Encoding PIs recap. (Re: Comments on 31 March spec) from Rick Jelliffe on 1997-04-10 (w3c-sgml-wg@w3.org from April 1997)

From: Rick Jelliffe <ricko@allette.com.au>
Date: Thu, 10 Apr 1997 20:46:42 +1000
To: W3C SGML Working Group <w3c-sgml-wg@w3.org>
Message-ID: <334CC512.3E60@allette.com.au>

Michael Sperberg-McQueen wrote:
> 
> On Thu, 3 Apr 1997 08:25:59 -0500 Martin Bryan said:

> >For 4.3.3 shouldn't a statement be added that EncodingPI must be encoded
> >in UTF-8 0r be proceeded by #xFEFF if encoded in UCS-2? (Allowing it to
> >be encoded in any other way would give interoperability problems.)
>...
> The EncodingPI itself is *not* required to be encoded in UTF-8; that
> suggestion was made last fall, and failed to generate consensus.
> The EncodingPI is written in the same encoding as the rest of the file,
> because one of the main advantages of in-file headers of this sort
> is that they can be maintained directly by users, without reliance on
> anything more elaborate than an editor that understands the encoding
> in use in the file.  

It might be a good idea to put in the spec that the PI should only
contain characters that have ISO 10646 encodings of < 128 
(i.e. the ISO 646 characters, ASCII, as used in MIME headers and
SGML minimum literals).  I would ask the editorial board to consider it.

The PI rationale has been discussed before: if you require a 
particular encoding for the PI, you are creating a non-text header.
You need special applications. Gavin's .MIM format would be far 
superior than the Encoding PI for this.  (I hope that people 
writing storage/entity managers and file systems look at the 
.MIM format.)

The Encoding PI, if limited to ISO 646 repertoire, is editable in
a local vanilla text editor, as Michael has said. And (because all(?) 
national/WWW character sets have the ISO 646 characters in their ISO 646 
code positions) its Encoding PI could even be made out using a text 
editor with a different character set (or at worst by any utility that
can 
do an ASCII dump of a file, e.g. UNIX od utility, or XTREE).
The ASCII characters would typically either be consecutive bytes 
(e.g. ISO 8859-n, shift-JIS, EUC, UCS-8) or preceded by null bytes
(e.g. Unicode, EUC-fixed): the (dreaded) autodetection is trivial.

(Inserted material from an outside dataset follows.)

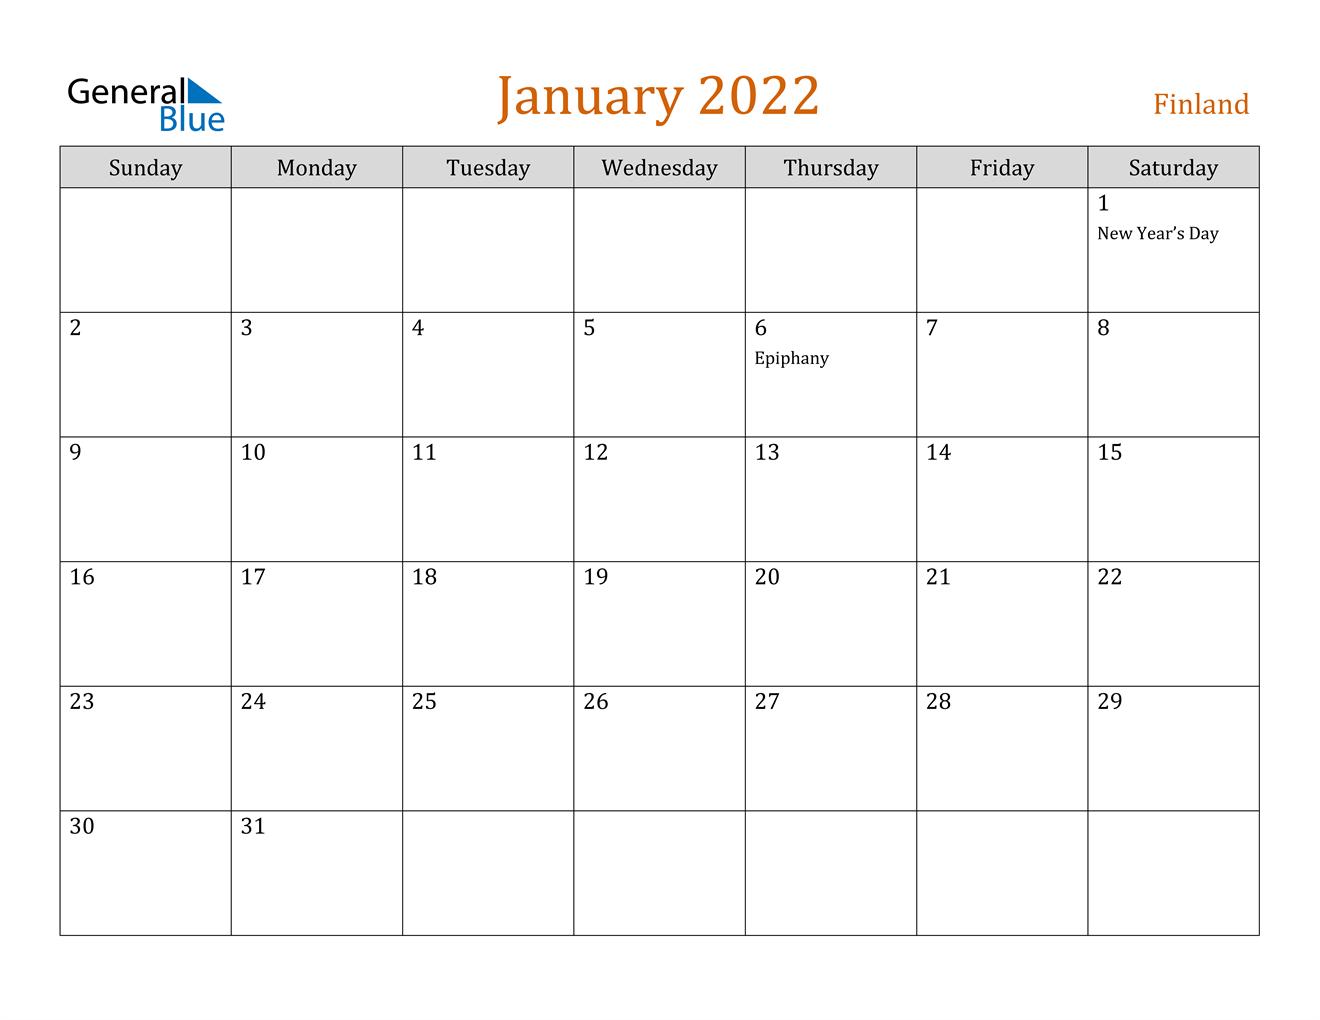 January 2022 Calendar - Finland

All applications that generate XML files should generate the Encoding
PI, especially if the character set is not ISO 646, ISO 8859-1 or 
ISO 10646 BMP, or if in a nation with multiple character sets 
(e.g. Japan, China).  All XML applications that process XML files should 
strip the Encoding PI on import, and regenerate it appropriately on
export. 

If an XML file with one encoding or character set is edited by an 
editor with a different encoding or character set, (e.g. an ISO 8859-1
character set file is edited by an ISO 8859-2 editor) the encoding PI 
should be stripped (that is, the encoding attribute) unless the 
application has transcoded on import. In other words, 
every effort should be made to make sure that the Encoding PI is
accurate: 
no PI is better than a wrong one, IMHO. 

-Rick Jelliffe

Received on Thursday, 10 April 1997 06:41:20 UTC